400’ anni dalla morte di un genio assoluto, un mito, semplicemente William Shakespeare. Il mito è avvolto dal mistero, proprio come le origini della sua persona: nota è la rivendicazione della provenienza di Shakespeare in Sicilia, in base a una traduzione di un cognome siciliano, inoltre è celebre la teoria dell’incertezza sulla paternità di alcune sue opere. Crea ancora mistero fra tutti noi. Venerdì 10 Giugno presso il Palazzo Serra di Cassano, ovvero L’Istituto Italiano per gli Studi Filosofici, si è tenuto un incontro “consonante” fra letteratura, musica e poesia, cioè la presentazione di Amleto e Ofelia La critica shakespeariana negli scritti di Nicolò D’Alfonso a cura di Francesco D’Alfonso come studio della psicologia e patologia dei personaggi dell’ Amleto di Shakespeare e il disco Neapolitan Shakespeare del maestro Gianni Lamagna, già pubblicato da un anno, riguardatne la traduzione di 17 sonetti shakespeariani in lingua napoletana. Inoltre alla discussione partecipano Arturo Martorelli, componente del comitato dell’Istituto Italiano per gli Studi Filosofici, e Bruna Mancini, docente di letteratura inglese all’Università della Calabria.

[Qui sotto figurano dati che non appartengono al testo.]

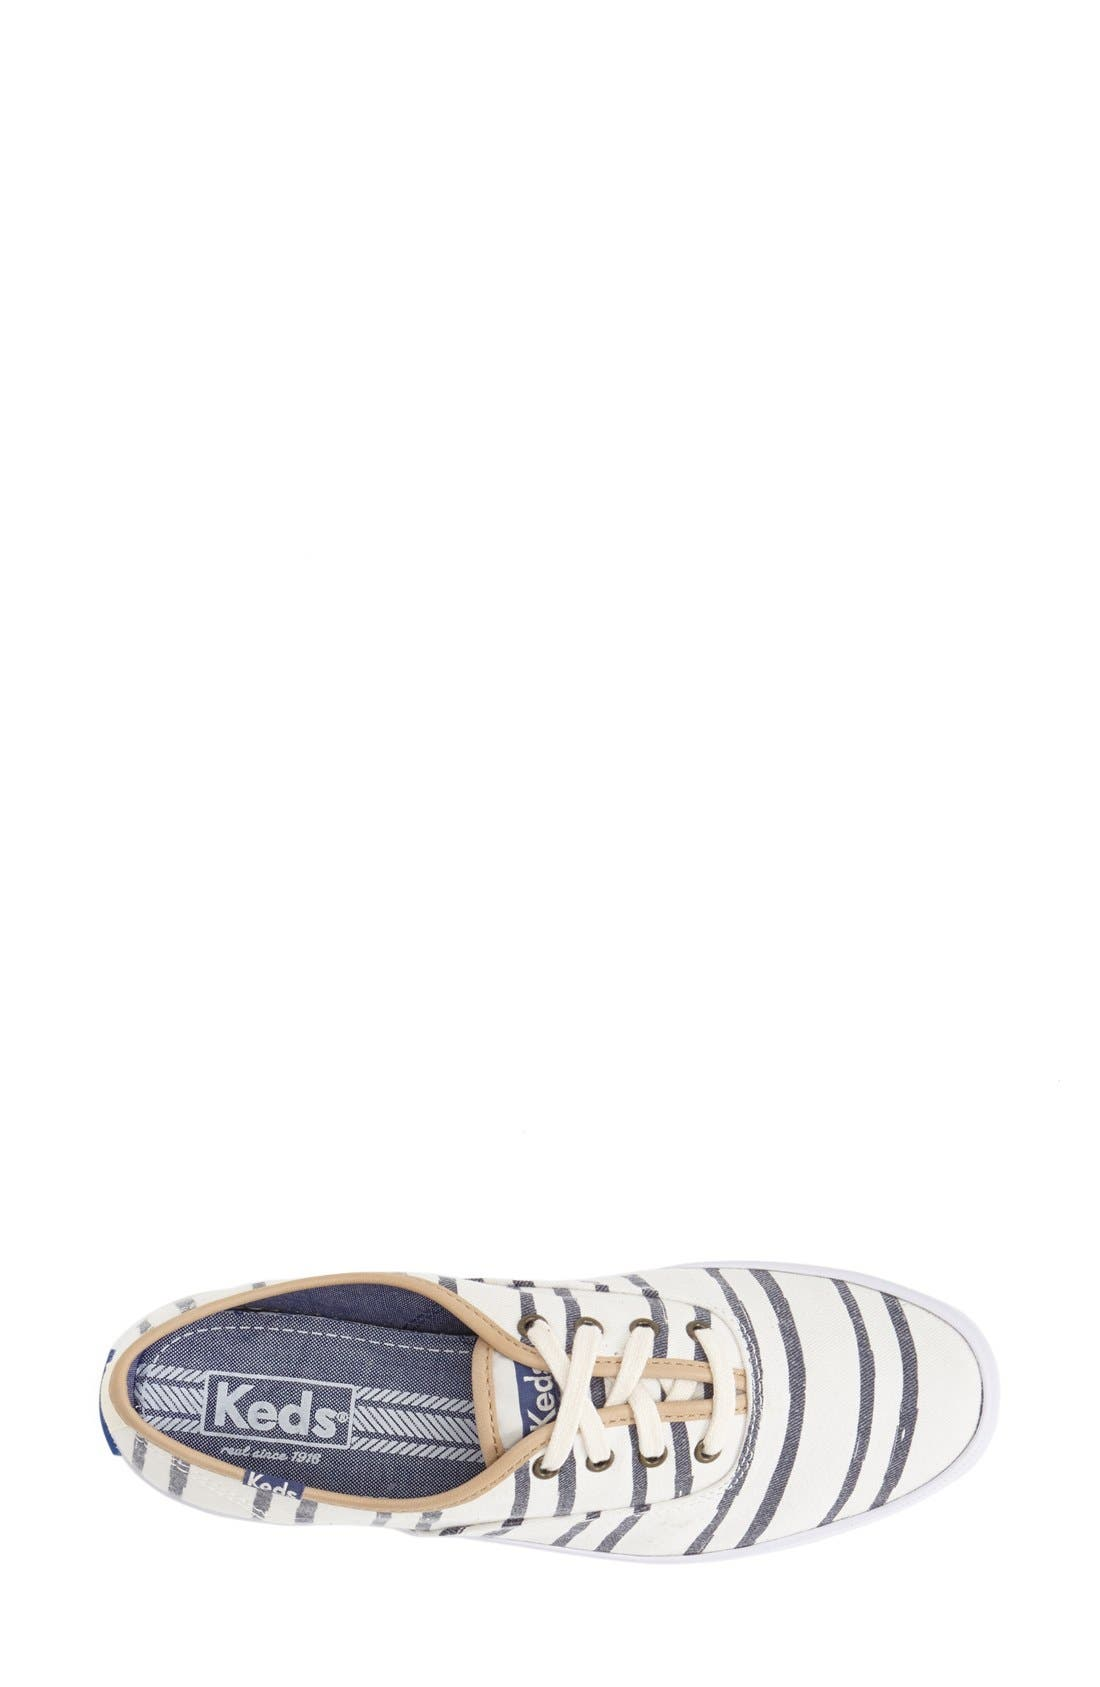 Alternate Image 3  - Keds® 'Champion - Washed Beach Stripe' Sneaker (Women)
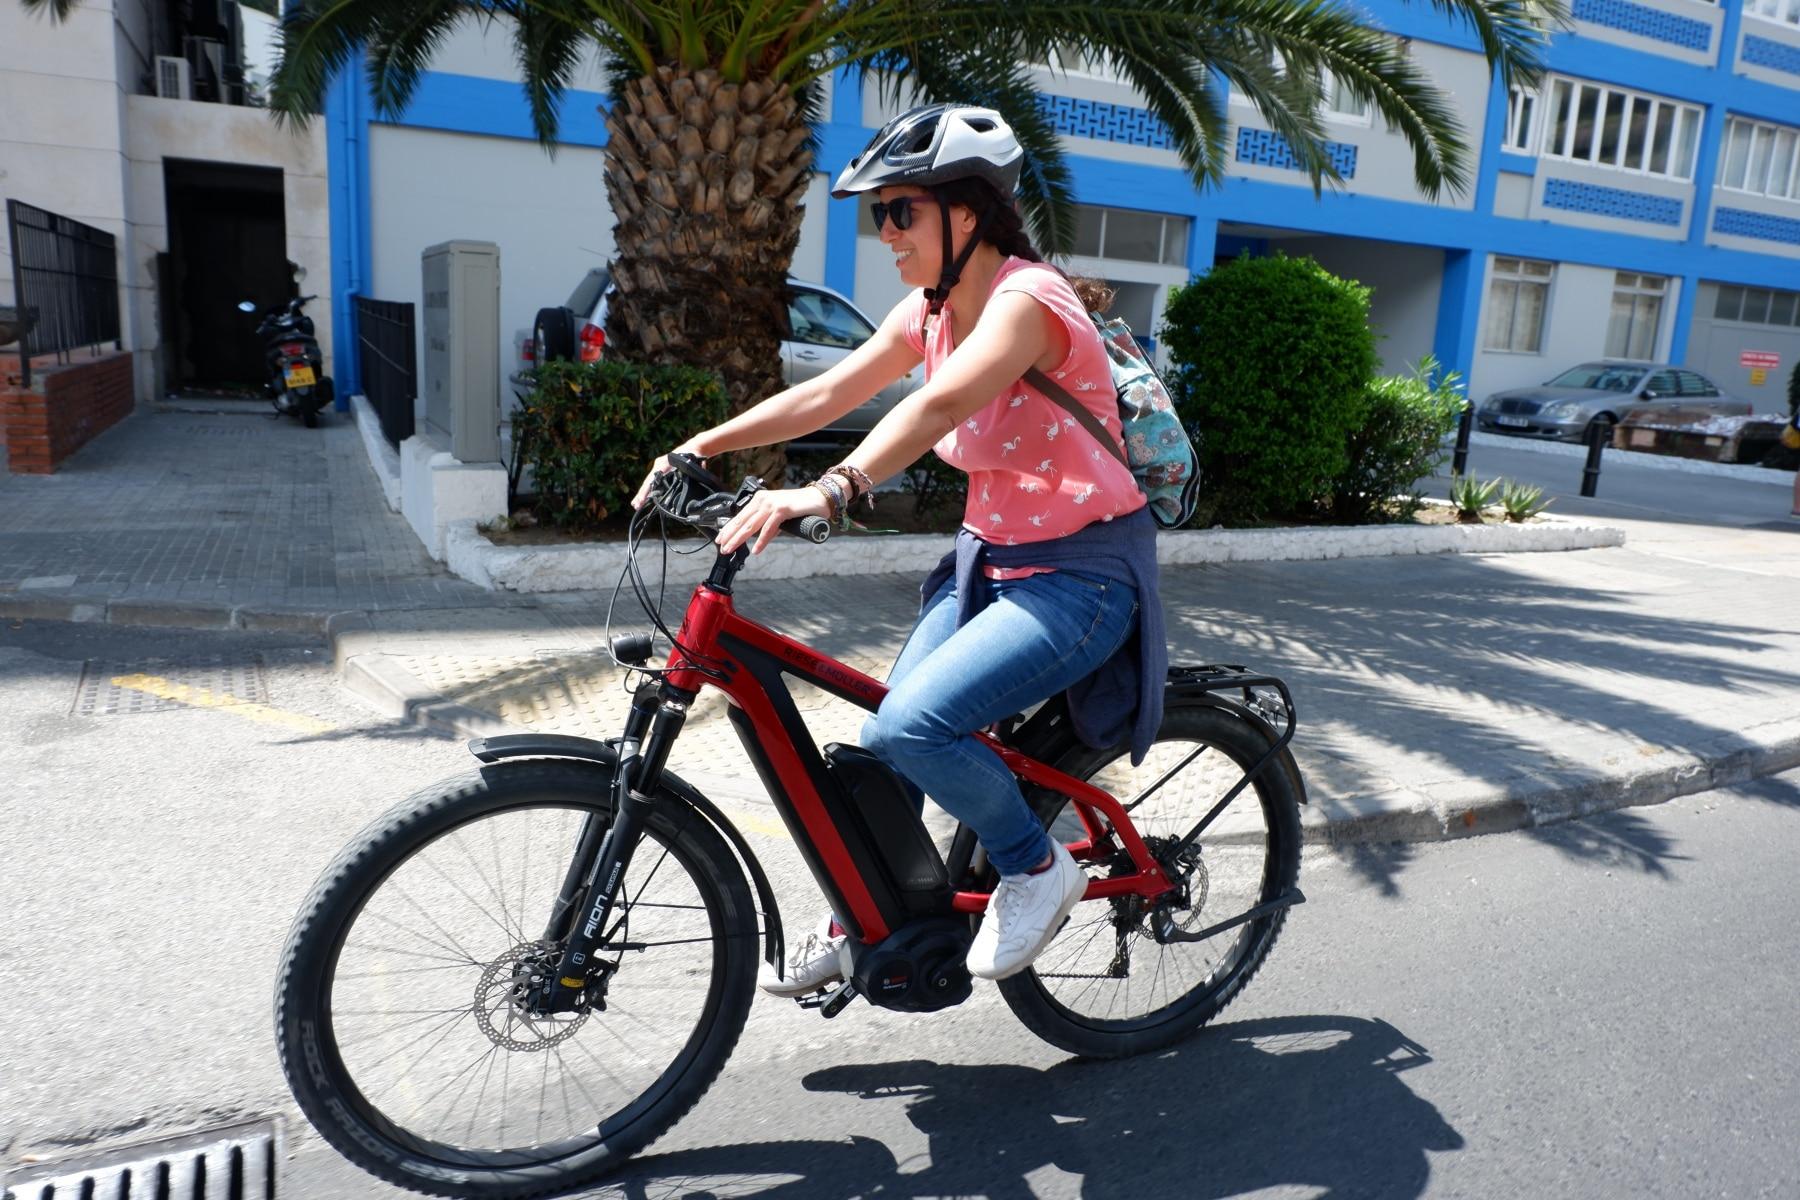 23-jun-2019-blogueros-espaoles-de-viajes-visitan-el-pen_48131157062_o

Martorelli evidenzia doverosamente la singolarità dell’operazione di D’Alfonso, ritenendolo  una figura sui generis, ma anche del suo discendente, ossia il curatore del libro, il quale si è applicato a un lavoro genealogico, di continuare la traccia di una personalità avente una caratura nazionale. Difatti la parabola degli intellettuali di una certa fama e statura tende ad essere ignorata nell’arco di qualche decennio, pertanto è imprescindibile un lavoro di scavo, di cura nell’analizzare il perché delle loro opere del passato. Martorelli fa risaltare con rilevante pregnanza il carattere dell’era contemporanea, ossia l’oblio, ricordando la ricorrenza del 40 esimo anno della morte di Luchino Visconti,  manifestando un’esigua premura di diffusione nel panorama dei mass-media di un monumento della nostra cultura nazionale (non solo cinema, ma anche lirica, teatro). Ricalchiamo quell’eco lontano (Leopardi) dei popoli antichi, che hanno agito all’interno della nostra società? È nostro oblio?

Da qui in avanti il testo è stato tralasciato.